2. Never buy a totally new pair online.
“You can’t assess comfort without making comparisons, so you have to try on at least two or three pairs before you select one,” Langer says. (And before you cry, “Free returns!” admit it: It’s easier to try on a bunch of options in a store than it is to lug boxes back to the post office.) If you’re new to running, try at least one lightweight pair with a super-thin sole, and one thicker-soled pair that looks sturdier. It will help you figure out what feels best and narrow down a large selection.
3. Don’t trust running store technology.
Shoe salespeople often use fancy-shmancy gizmos to assess your gait and find the perfect shoe, i.e., one that improves performance and minimizes the risk of injury. But real scientists who wear white coats and work in labs and devote their entire lives to motion analysis can’t even truly do that. Langer’s best advice: “Focus on comfort, and remember that the authority on comfort is the person wearing the shoe.”
4. Run before you buy.
According to Langer, studies that compare standing, walking, and running have found that running is the least comfortable activity. (Thanks, science.) It’s why you can’t accurately assess a pair of running shoes without taking them for a test drive. Langer suggests running around the store (or on a treadmill, if they have one) for 30 to 60 seconds to assess comfort before you throw down for the pair.
5. Color does make a difference.
Well, at least when it comes to the shoe sole. Black soles are made of carbon rubber (the same stuff used in car tires), so they’re heavy and super durable. White and colored soles are made from blown rubber, a lower-density, softer material that contains more air and weighs less. So how do you know which color to choose? Consider the surface you typically run on. If that’s concrete or asphalt, which cause more wear and tear on your shoes, go with black soles. And if you run on a padded track, treadmill, grass, or dirt trail, colored soles will take you the distance.
6. Cushy shoes aren’t always comfortable.
Your joints move more when you wear super-soft soled running shoes, which may not work for your body or stride. Try pairs with different levels of cushioning to see what really feels best.
7. Trail-runners don’t need super-stable sneakers.
It’s true that you’re more likely to twist an ankle when you run off-road. However, your safety net isn’t cushioning — it’s control. A minimalist-style shoe (i.e., thin-soled) can help your foot adapt to an uneven surface so you don’t end up sprawled on it.

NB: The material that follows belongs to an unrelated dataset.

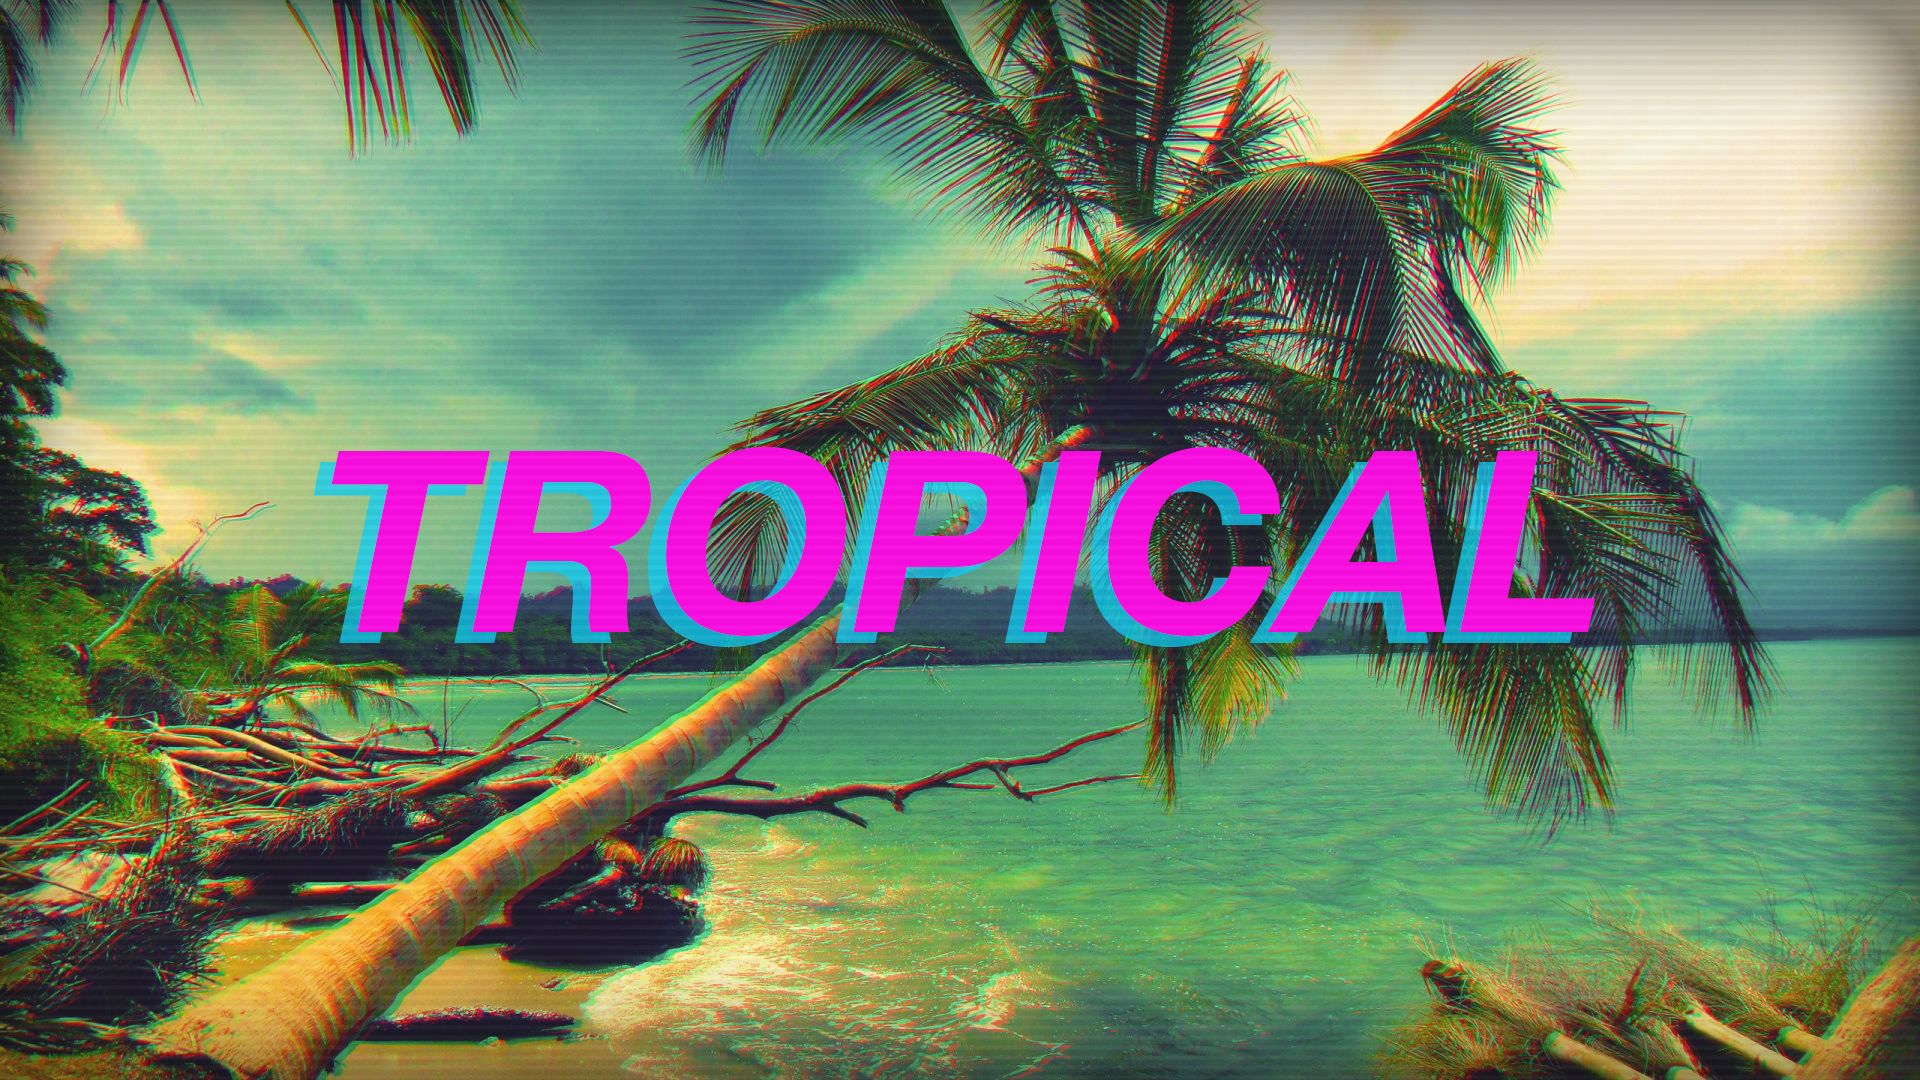 artistic, vaporwave, tropical

8. Don’t buy shoes that fit perfectly.
Really! You want your running shoe to be snug in the back two-thirds with plenty of wiggle room up front to accommodate swelling, which almost always happens when you run. Most people are good to go with a half-size larger than whatever they typically wear. If you run ultra-long distances, though, your feet will swell even more, so go nuts and get a full size larger.